§ **Data block**

_ _ _ _ _

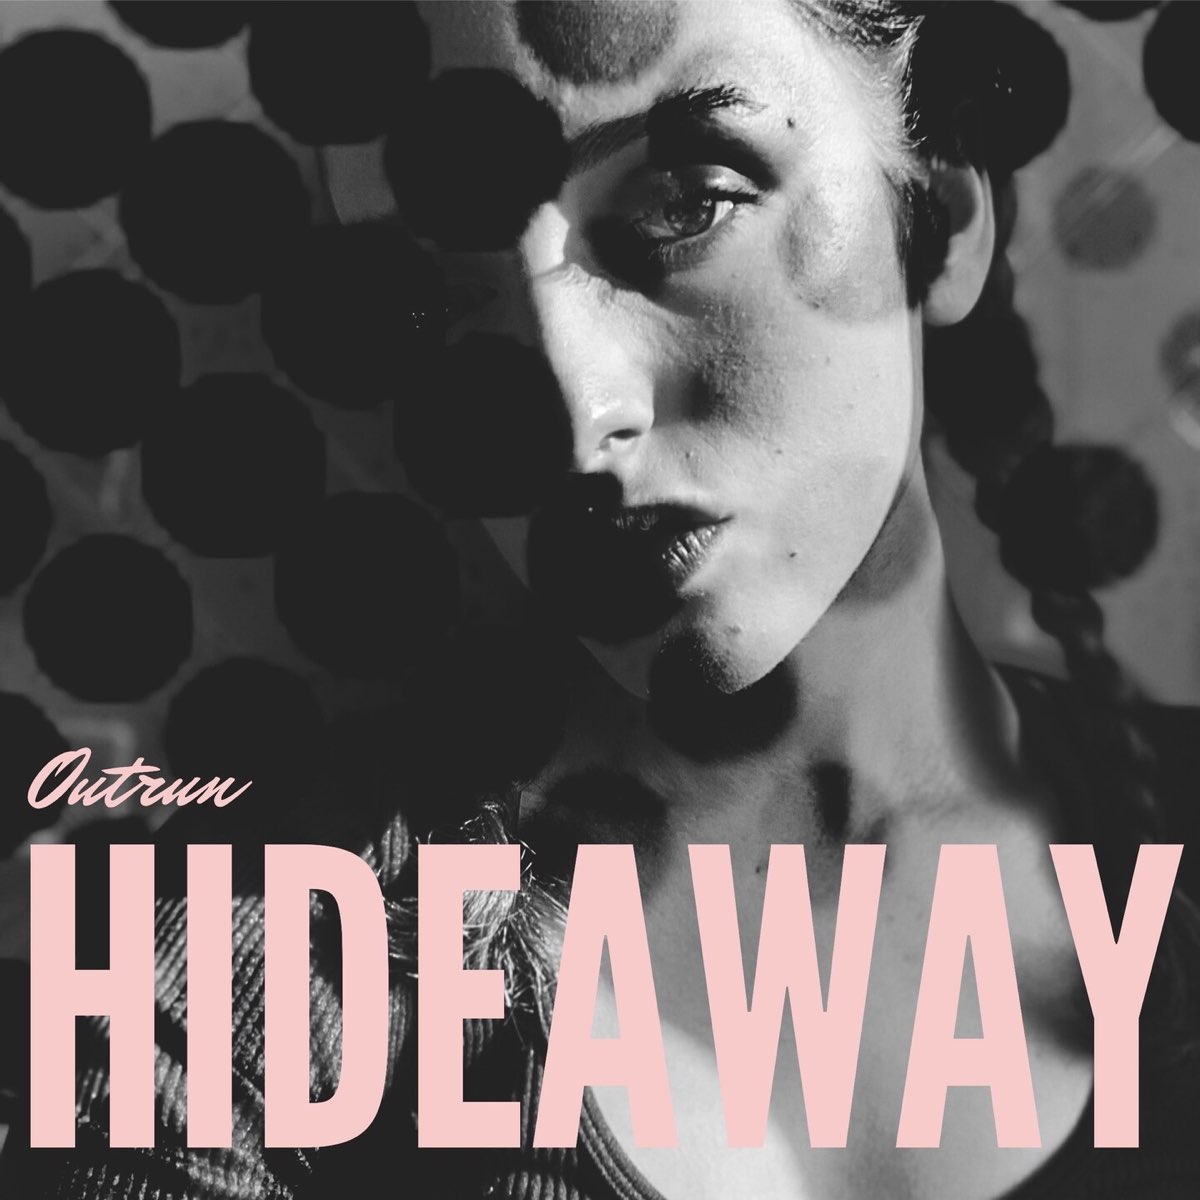 Hideaway - Album by Hideaway
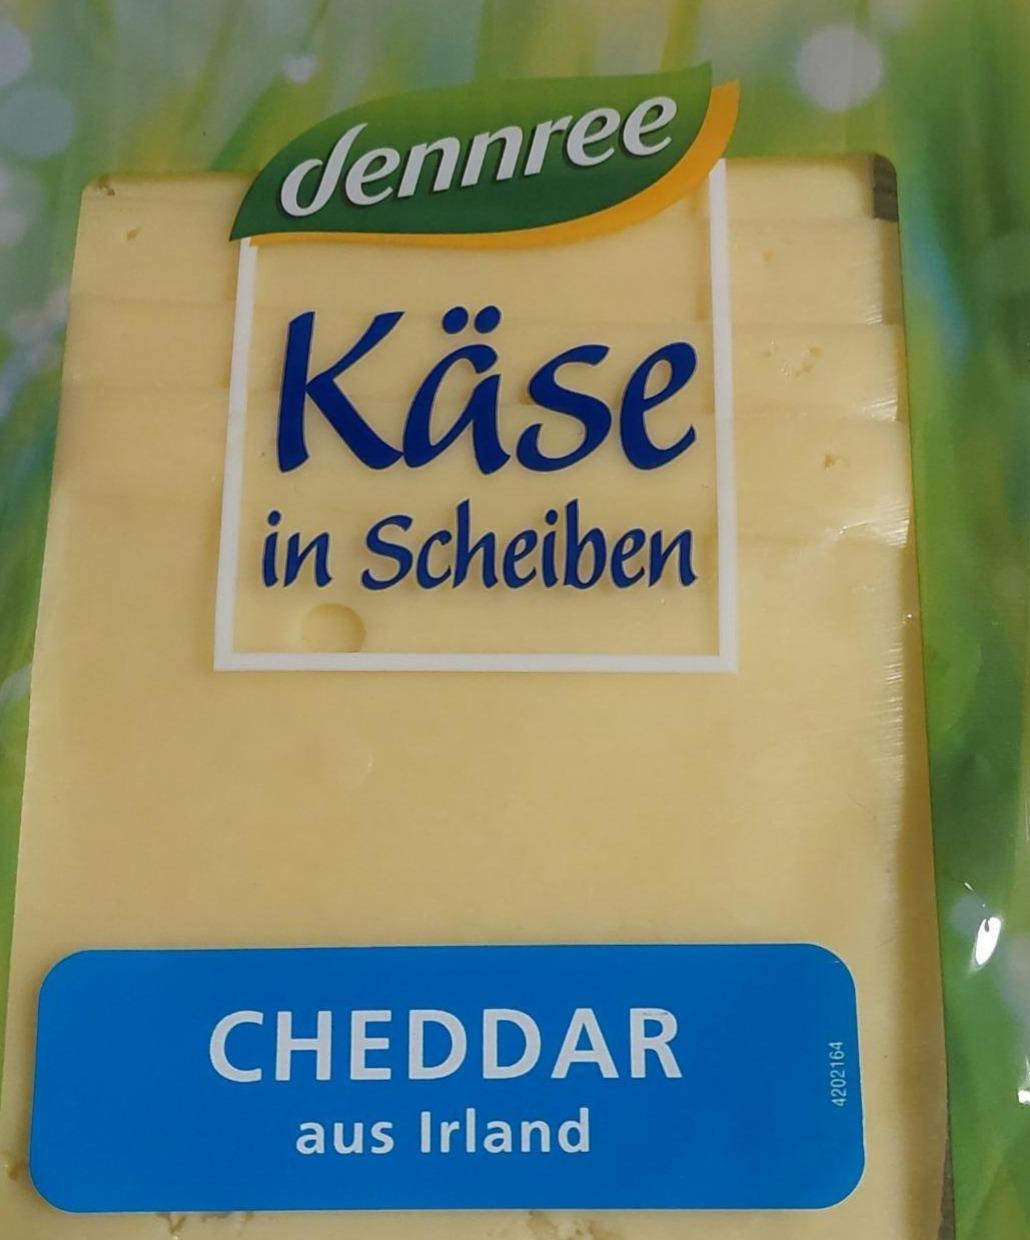 Fotografie - Käse in scheiben cheddar aus Irland Dennree
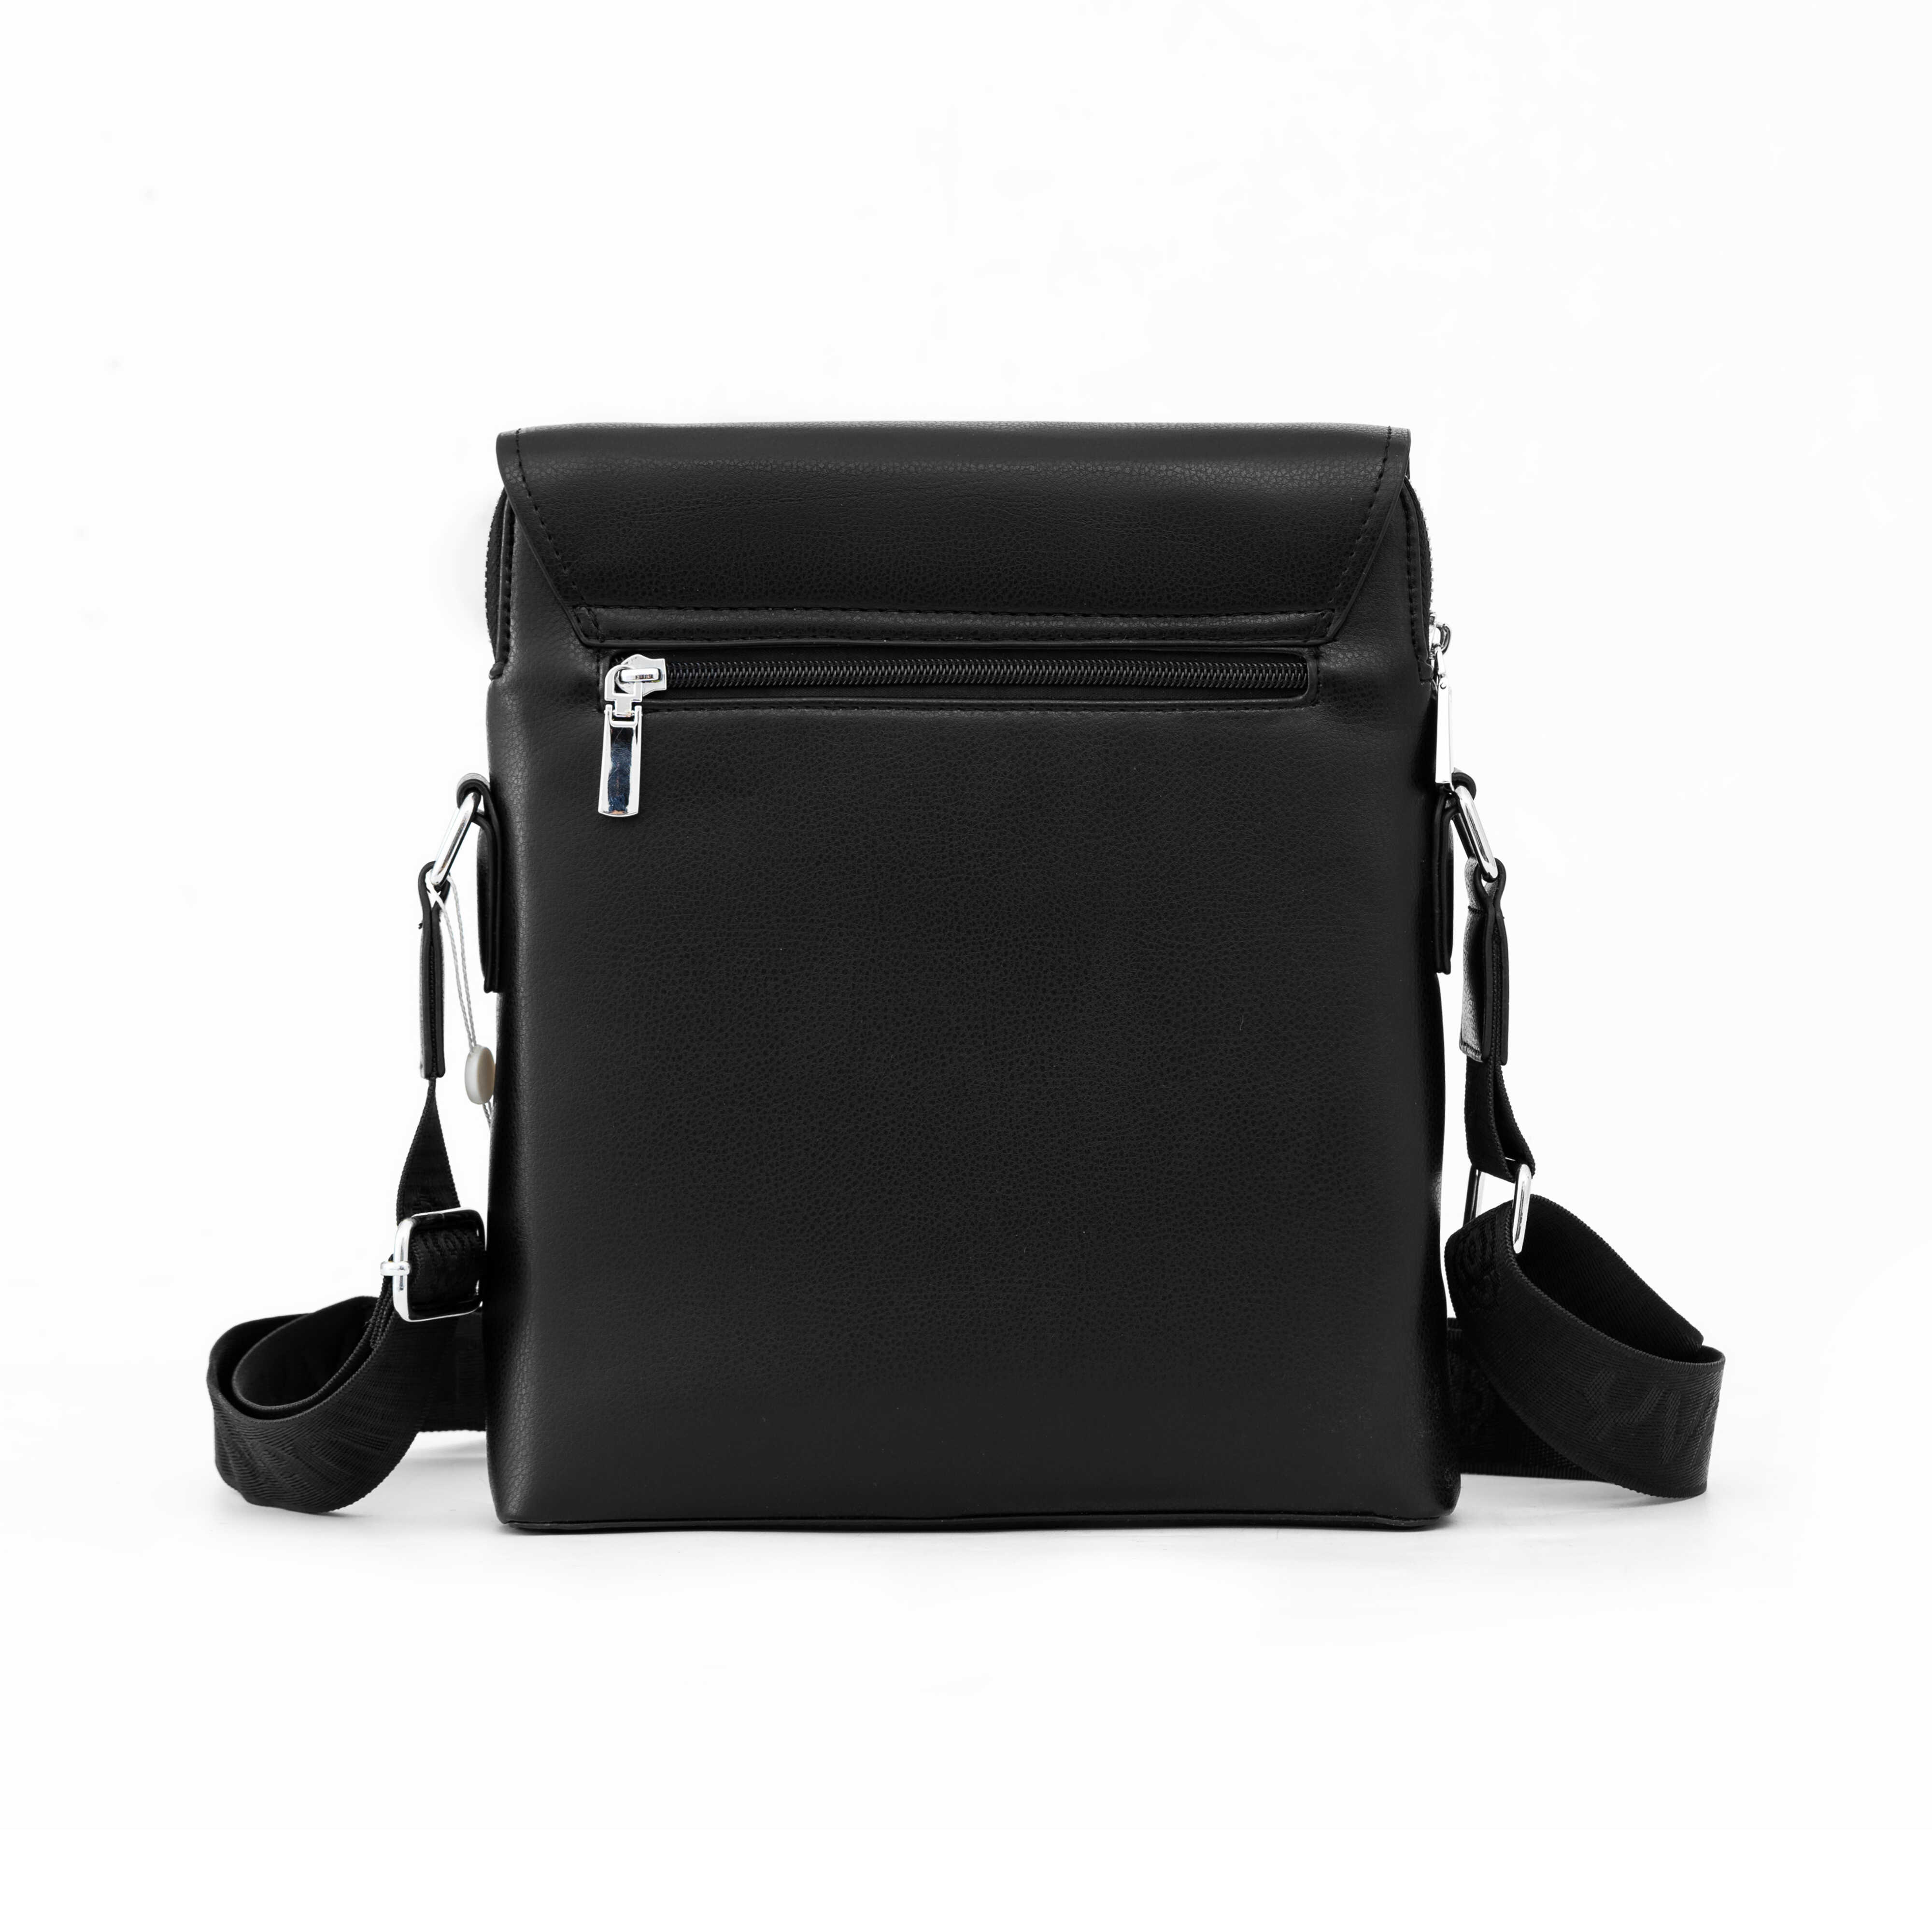 Túi đeo chéo nam da cao cấp form đứng chống trầy chính hãng YVan thời trang thanh lịch 1011-1

_ _ _ _ _

§ **What you need to do**
Each word of the data should be repeated exactly, and the pictures left out.

§ **Task solution**
 Hideaway - Album by Hideaway
 Fotografie - Käse in scheiben cheddar aus Irland Dennree
 Túi đeo chéo nam da cao cấp form đứng chống trầy chính hãng YVan thời trang thanh lịch 1011-1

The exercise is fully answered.